‘Death medicine’ (or green soup)

I do not like broccoli. And I haven’t liked it since I was a little kid and my mother made me eat it. And I’m President of the United States and I’m not going to eat any more broccoli.
~ George Bush, U.S. President (1990)

What you see here, my dears, is version #16 (or so) of a concoction with humble, accidental (?) beginnings.

One memorable day last year, I found to my horror that my flatmate Matt had made us green soup for dinner. GREEN SOUP. I’ve had tasty colourful soups (like a blood-red champagne & watermelon soup in a vineyard once) before, but the sight of this gloopy, mossy, duck-poo coloured green gloop did not appeal to me at all… at first, anyway…

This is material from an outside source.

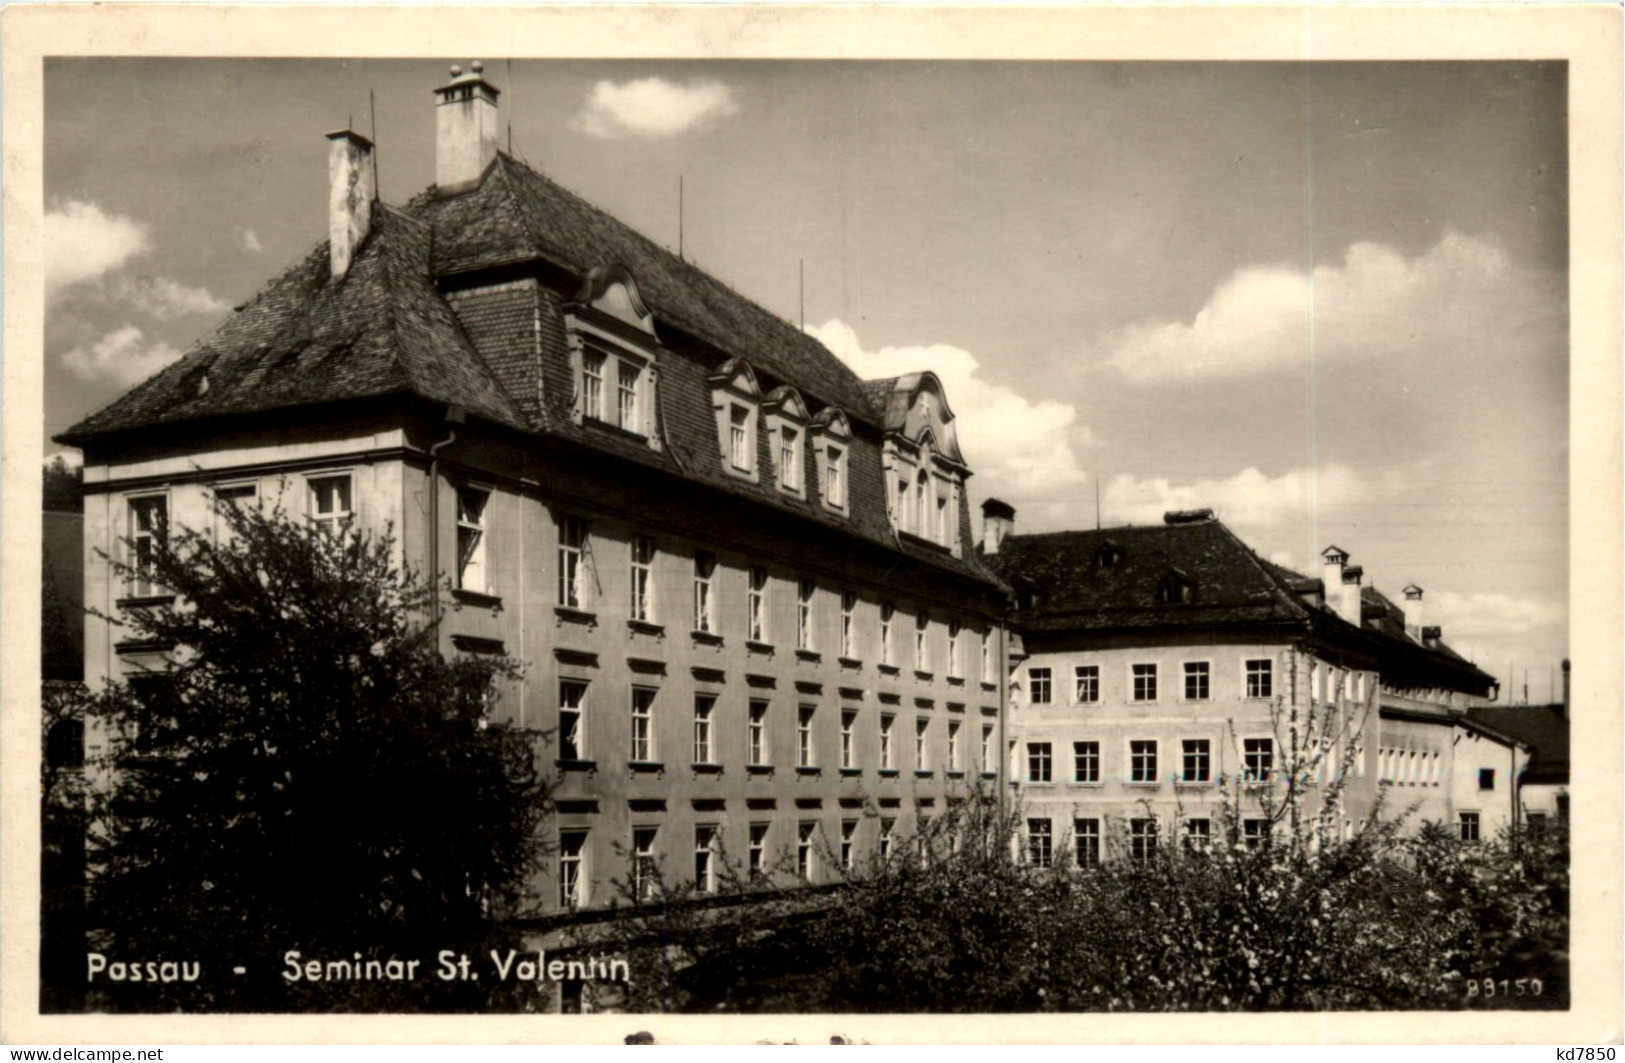 Passau, Seminar St. Valentin - Passau

I remained doubtful even though Matt attributed this magic potion in part to a marvellous cauliflower amuse bouche we once had in a restaurant (flavourful and poignant, a bouquet of garlic and wonder which truly paved the way to an enjoyable dinner).

When I finally closed my eyes and lifted the glass to my lips… I found myself surprised to the point of glee… which just goes to show you should NEVER, EVER judge a book by its cover. Or a soup by its look. Whatever.

“Try everything at least once”, my mom always encouraged, and except for the odd occasion (eg. turtle soup, sea urchin and ostrich eggs), I have mostly emerged the better for it. Sometimes, especially when you least expect it, food can reach past your senses and surprise you with something akin to a happy dream.

Anyway, I had 2 little shot-glasses of it tonight when Matt made this particular version of what he has named ‘death medicine’… and I include the recipe below with his permission. He did not measure these exactly, but they should be pretty accurate.

    Ingredients:
    1/2 broccoli
    1 courgette
    1/2 cup sango sprouts (I hate this in salads but it is not bad in soup)
    1/3 cup unsweetened yoghurt
    1 tbsp cream cheese
    tuscan seasoning
    cajun spice
    black pepper
    truffle oil
    dill
    Method to Matt’s madness:
    Steam broccoli and courgette.
    When they are soft, pulse and blend them with any excess water (approximately 1/3 cup), sprouts, yoghurt, cream cheese, seasoning and spice until it becomes a nice creamy soup. Adjust ingredient quantities till you reach desired taste and consistency.
    Pour it into a glass and pour a tiny bit of truffle oil on the top before adding a small sprinkle of dill.
    Yields 2 servings.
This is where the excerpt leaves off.